What you need to do: Print the data exactly as written, but leave out each picture.

Dataset content:
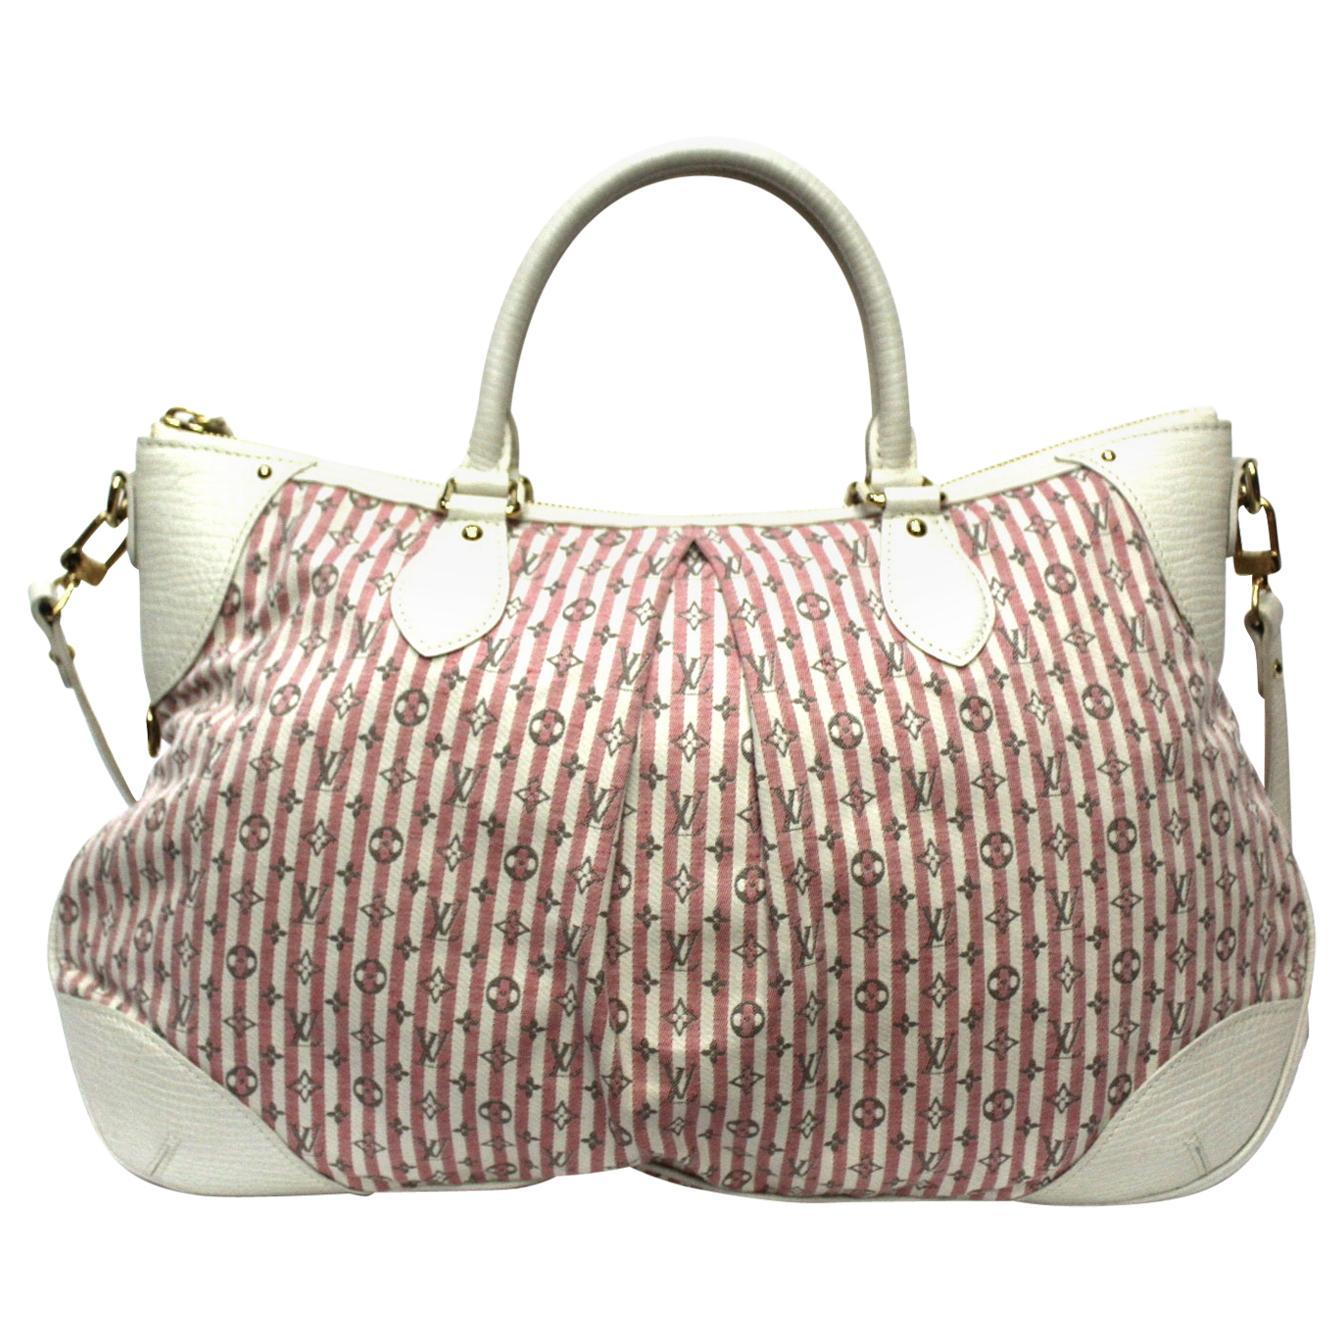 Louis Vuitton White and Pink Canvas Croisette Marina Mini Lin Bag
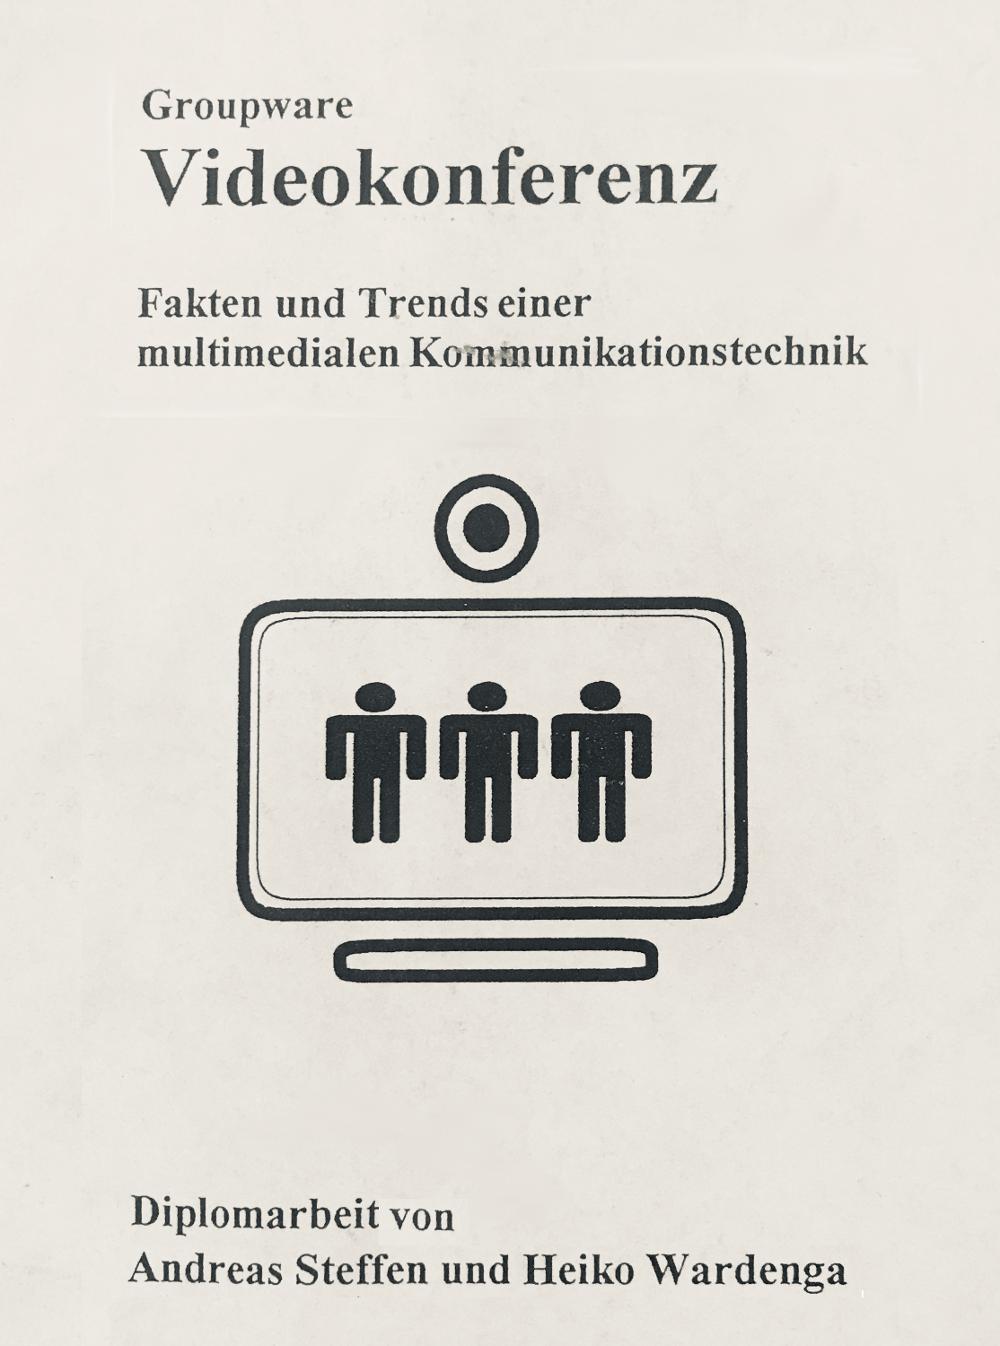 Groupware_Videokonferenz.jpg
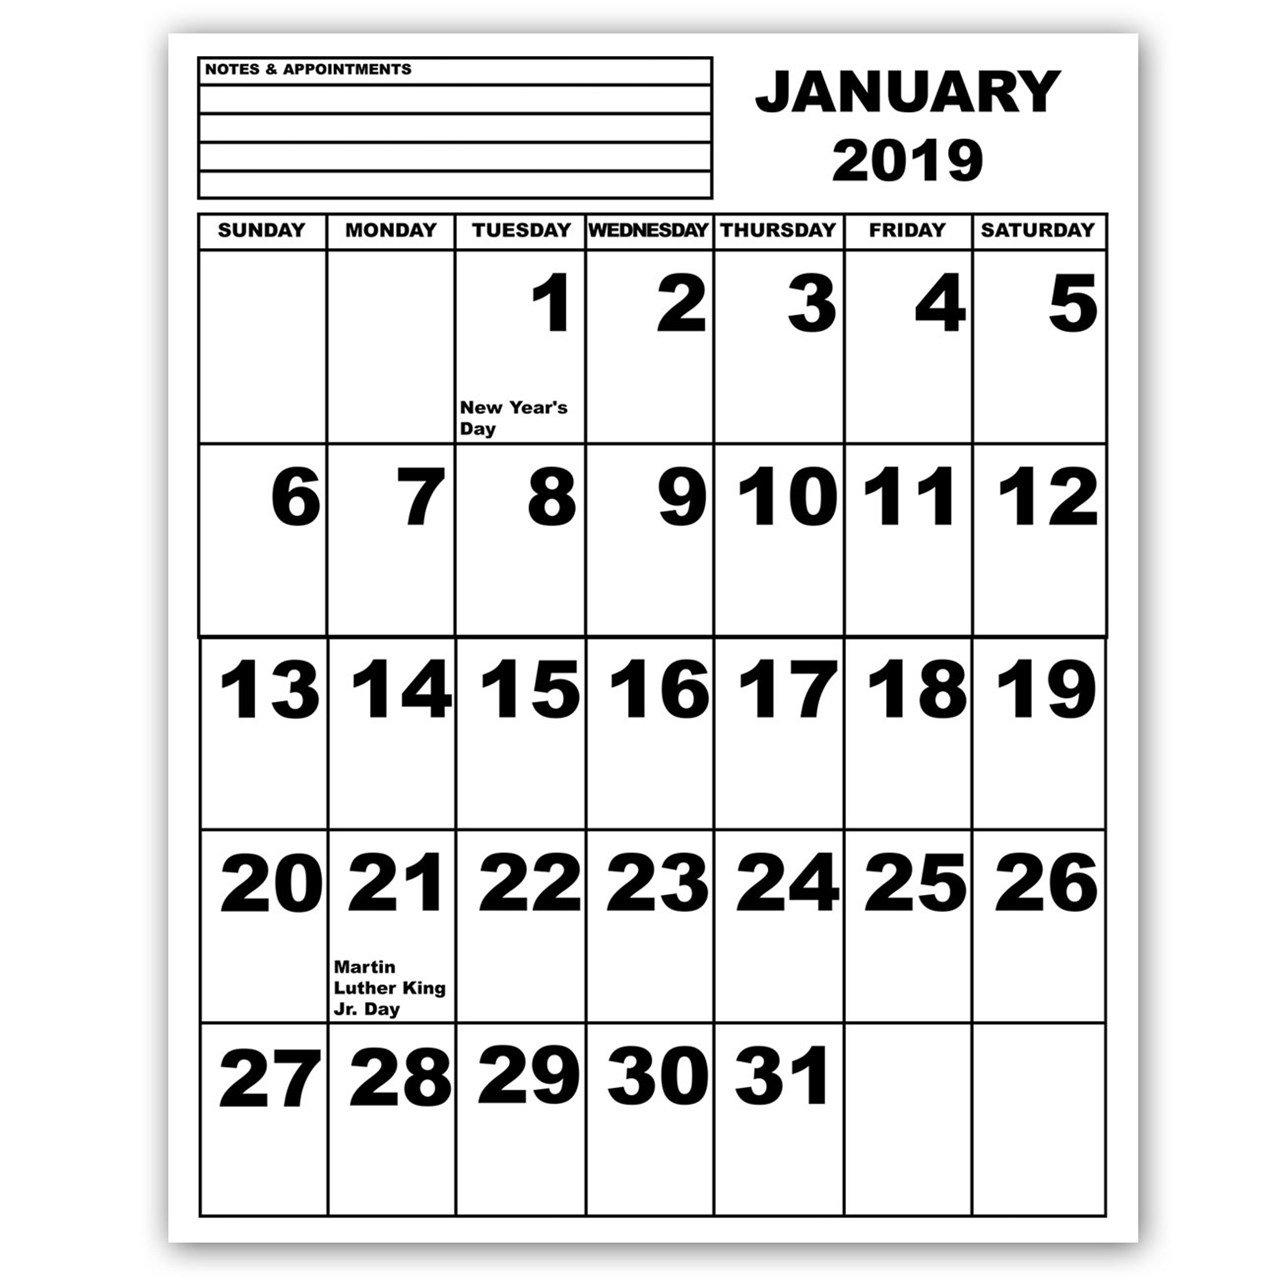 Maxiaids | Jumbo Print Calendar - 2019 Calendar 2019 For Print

Output of the exercise:
 Louis Vuitton White and Pink Canvas Croisette Marina Mini Lin Bag
 Groupware_Videokonferenz.jpg
 Maxiaids | Jumbo Print Calendar - 2019 Calendar 2019 For Print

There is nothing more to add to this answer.